=== Problem ===
Output exactly the lines of the listing below that run from the line with "Dental Starz LLC" through the line with "cc0免费可商用动物图片,老虎,野生动物,大猫". No pictures.

[[ Recorded data open ]]

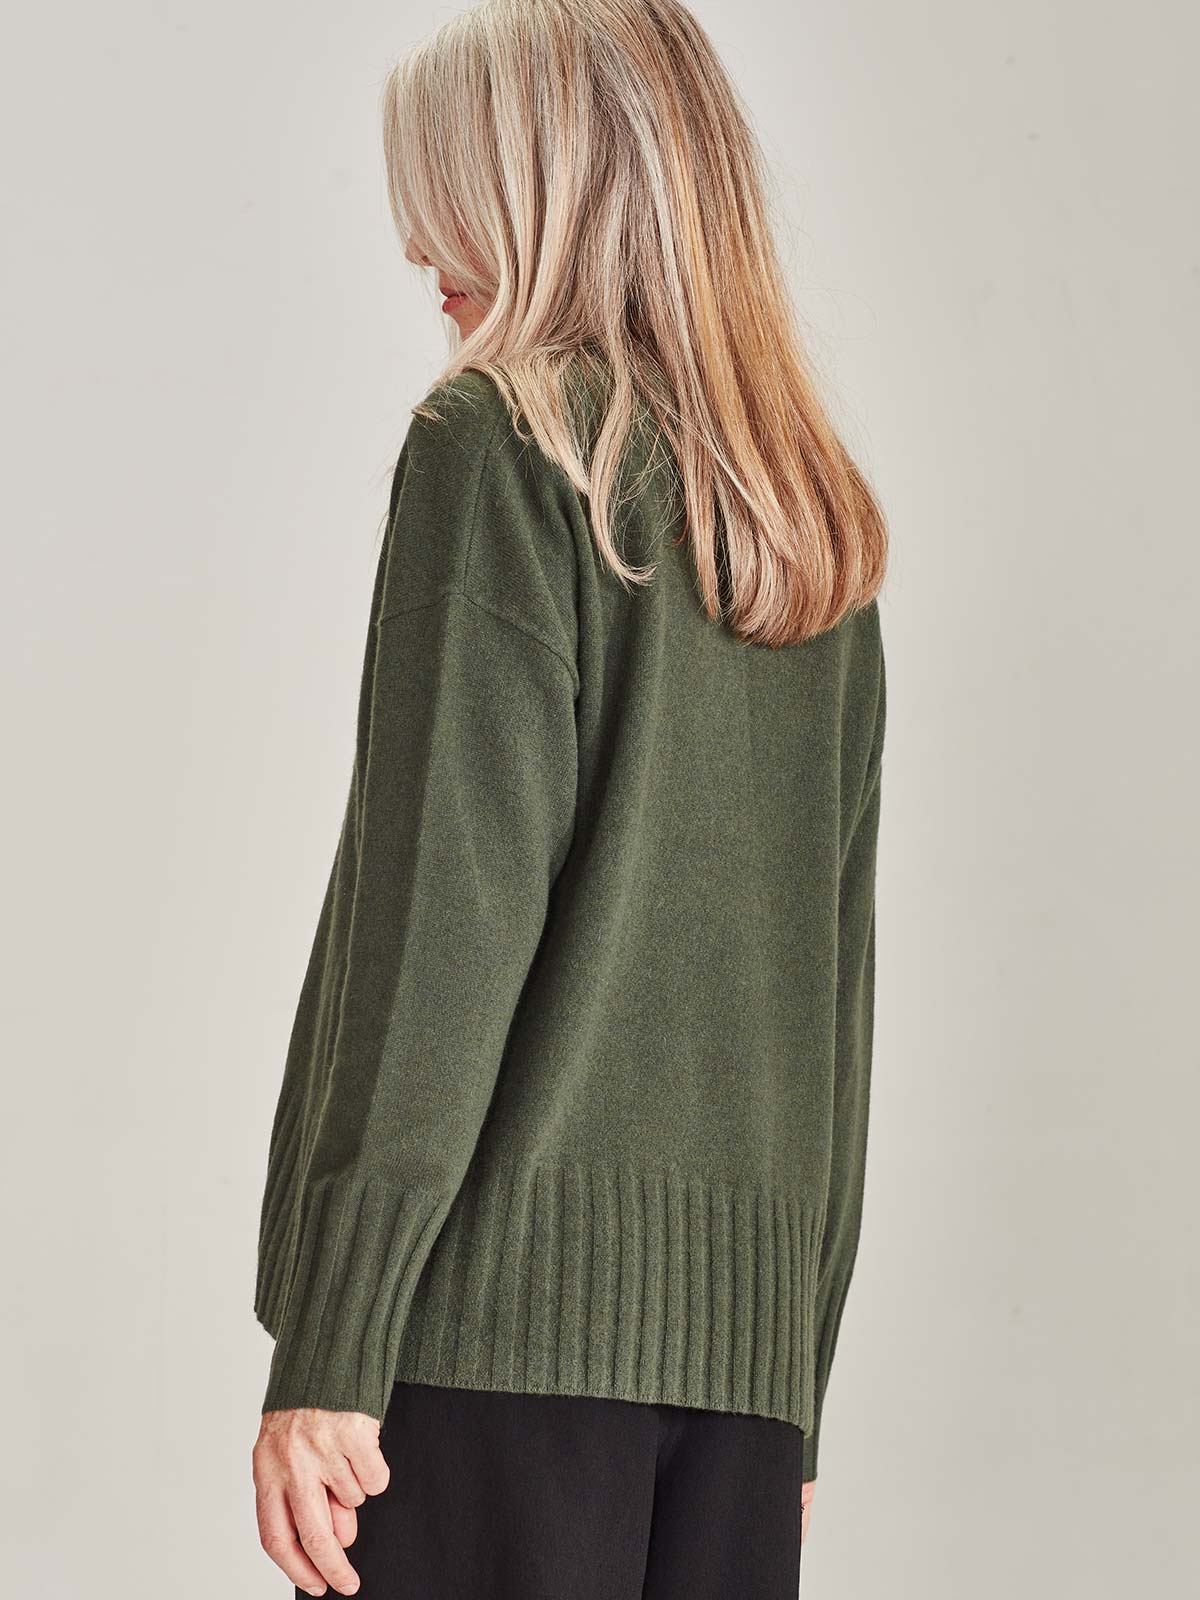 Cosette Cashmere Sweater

[[ Recorded data closed ]]
[[ Recorded data open ]]

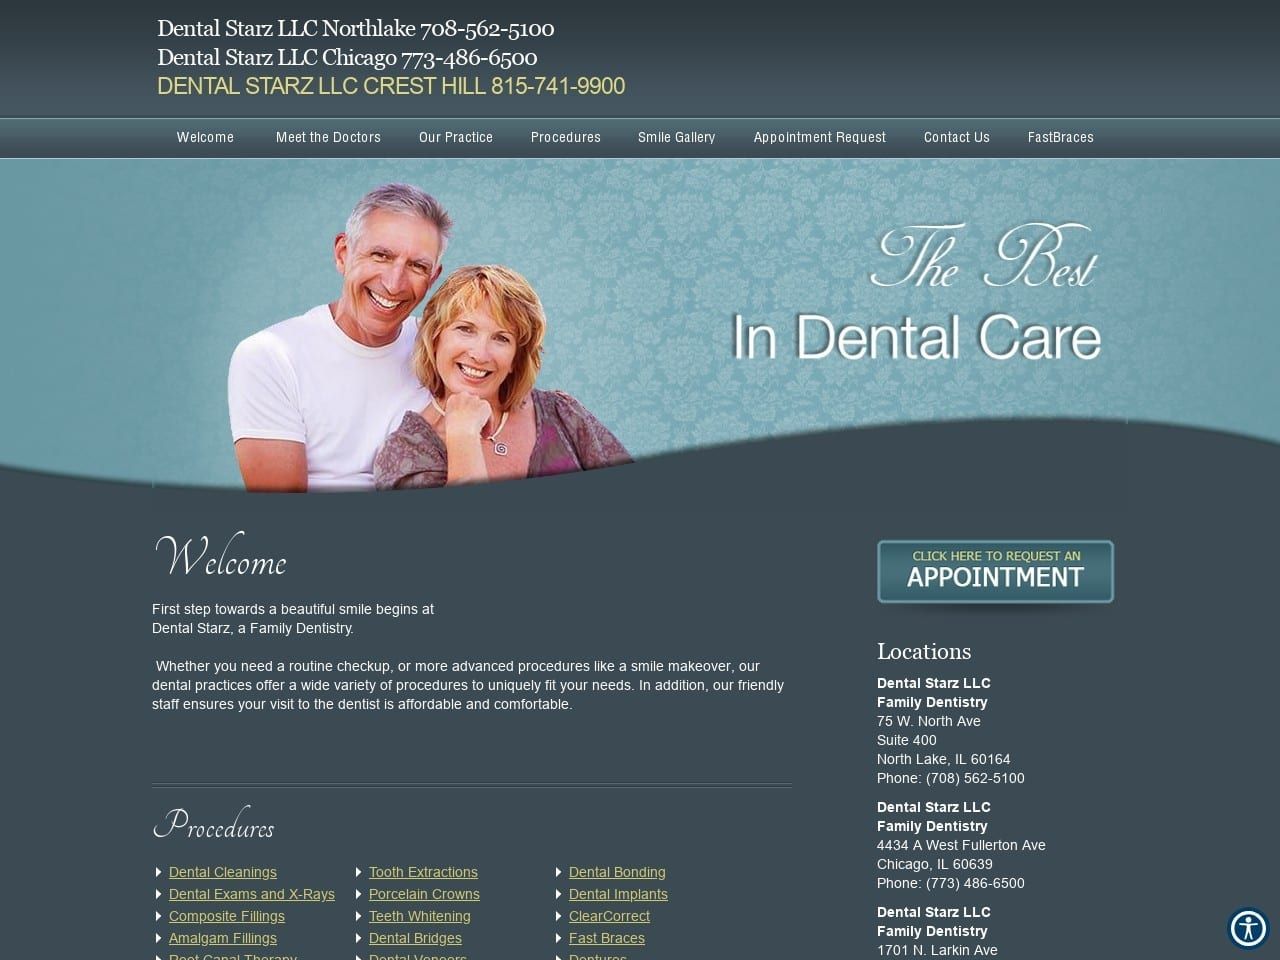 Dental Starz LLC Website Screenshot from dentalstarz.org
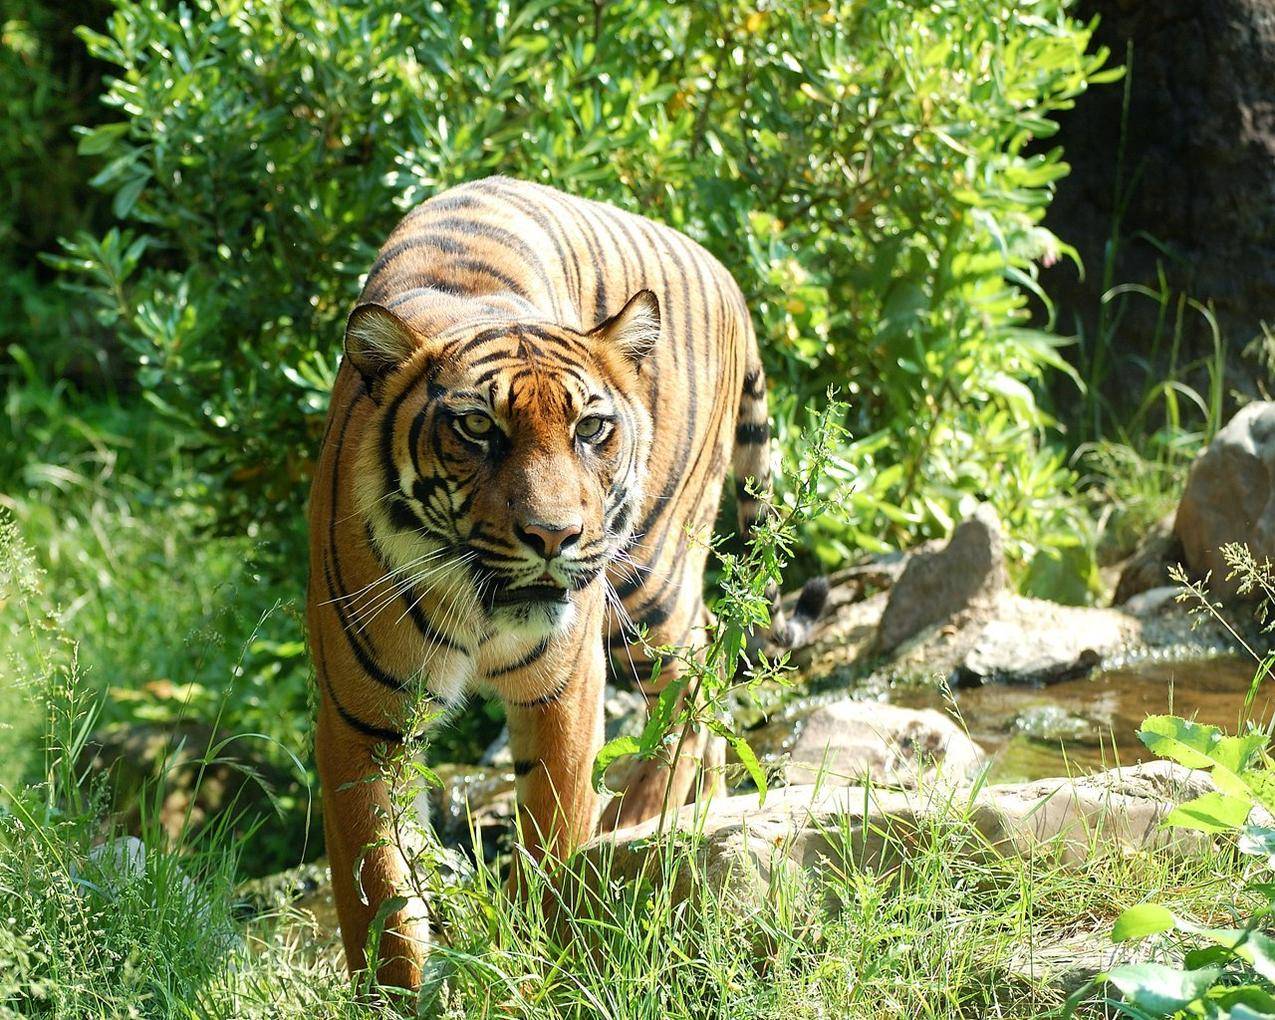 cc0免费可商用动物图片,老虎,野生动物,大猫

[[ Recorded data closed ]]
[[ Recorded data open ]]

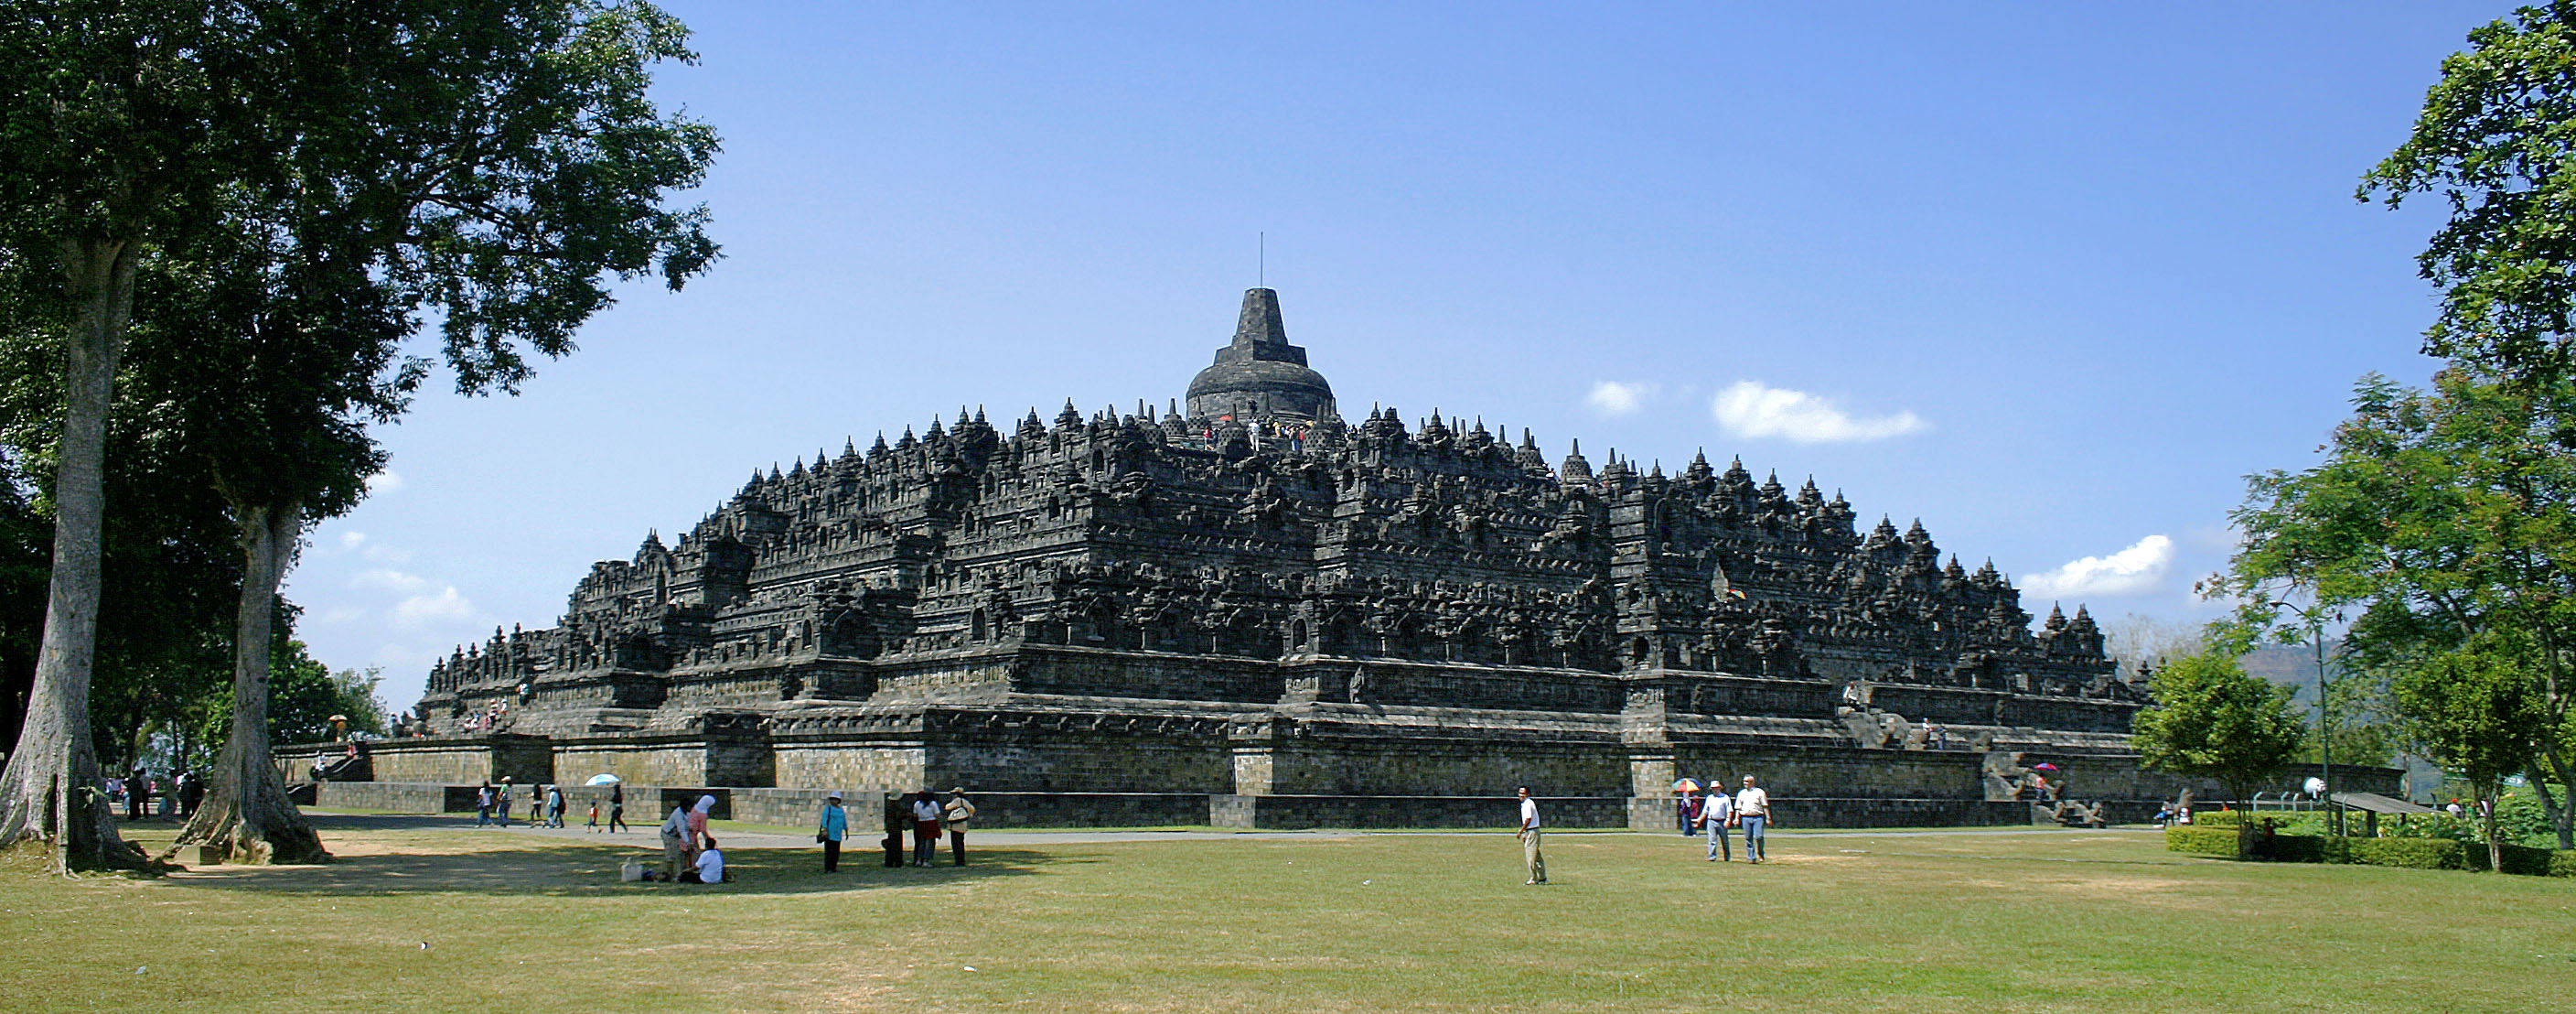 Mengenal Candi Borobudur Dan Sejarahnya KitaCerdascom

[[ Recorded data closed ]]

=== Answer to the problem ===
 Dental Starz LLC Website Screenshot from dentalstarz.org
 cc0免费可商用动物图片,老虎,野生动物,大猫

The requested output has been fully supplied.